Not My Idea of Heaven by Lindsey Rosa

Now before I start telling you about this book I will let you into a little secret. I’ve read a few of these types of memoirs but I always have an overwhelming sense of guilt when I enjoy them. Not because I enjoy people’s hardships, or difficult lives but because occasionally I come across one that is really well written, which transports me (much like a work of fiction) into a completely different world.  I always ponder why reading about the struggles people face in their lives is such a fascinating read, memoirs are exceptionally popular – even the most gruesome ones. The main conclusion I find myself coming to is that the ability to expand our knowledge of the world and the people in it is something that people are inclined to move towards. I am genuinely intrigued to learn about the lives of other people, as I find the strength of other individuals can illustrate how strong we are as human beings. Furthermore, the minor things in life that get blown out of proportion are very much put into perspective.

What is it?
Not My Idea of Heaven is Lindsey Rosa’s tale of her journey from a religious sect, to removing herself from this restrictive lifestyle. I feel awful for not connecting with the narrator of these memoirs but much of her discourse I found incredulous. Often when she is depicting situations that have happened, she tends to pawn off the blame onto someone else which can often feel infuriating. It is hard to determine throughout whether the perspective of events is a retrospective one, or an account of the thoughts she had at the time of each.

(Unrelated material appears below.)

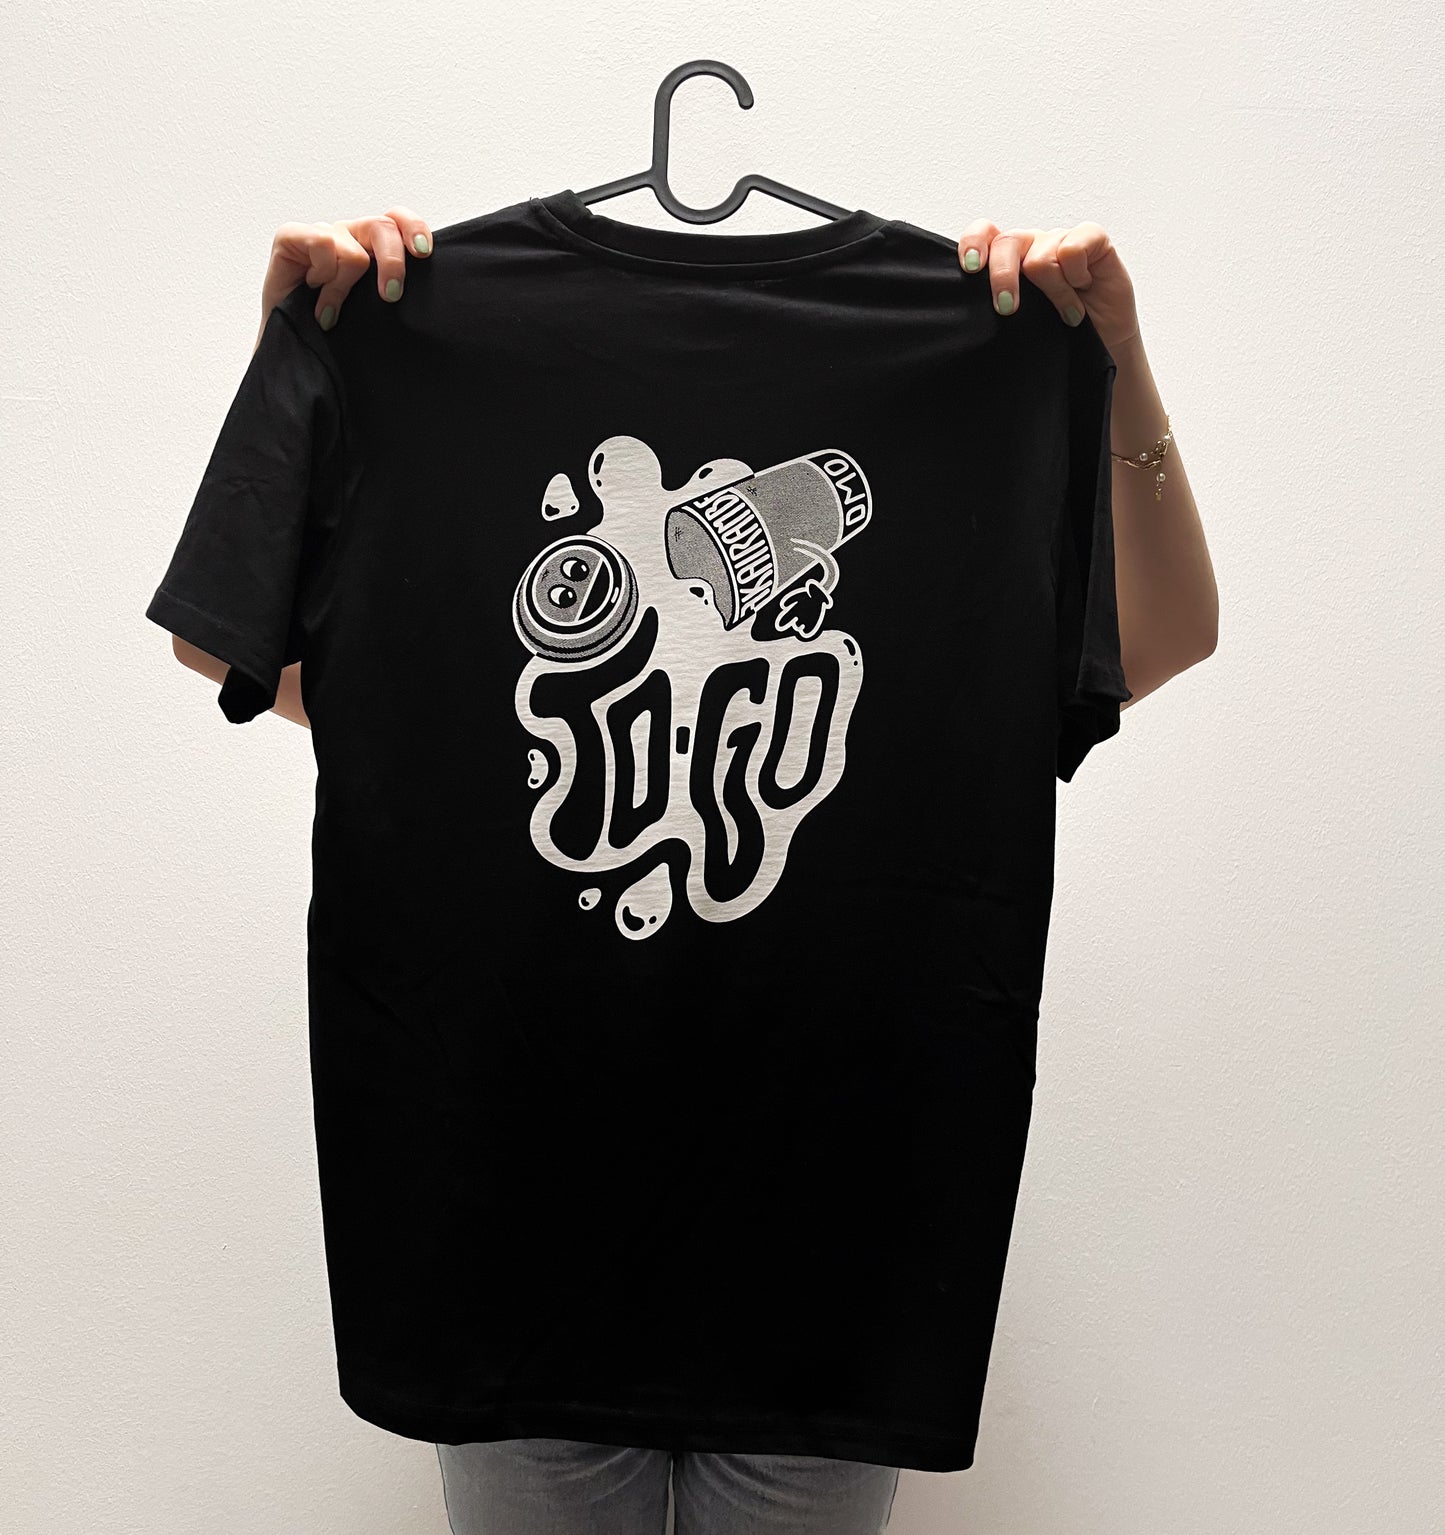 DMO - To Go - Shirt (Limited)

As memoirs go, it is not particularly dismal. The factors that influence who she is in the world today are heart wrenching, and her upbringing must have been simply horrendous. Her struggles with her mental illness and eating disorder are equally distressing. However, her memoirs are full of swift movement. Each event she discusses is moved on from, and despite her beginnings, she does not seem to beg for sympathy unlike some of the other memoir style books I have read do.
Why should you read it?
After reading this memoir I felt extremely grateful for the things that I have in life, the stable childhood I received and the path of life that I have developed. If you do not like reading memoir books then obviously this would not be a good read, but if you have an inner nosy parker, and find the lives of those who have suffered fascinating then this is one of the better ones.
Have you read this book, what did you think? If not do you think you will?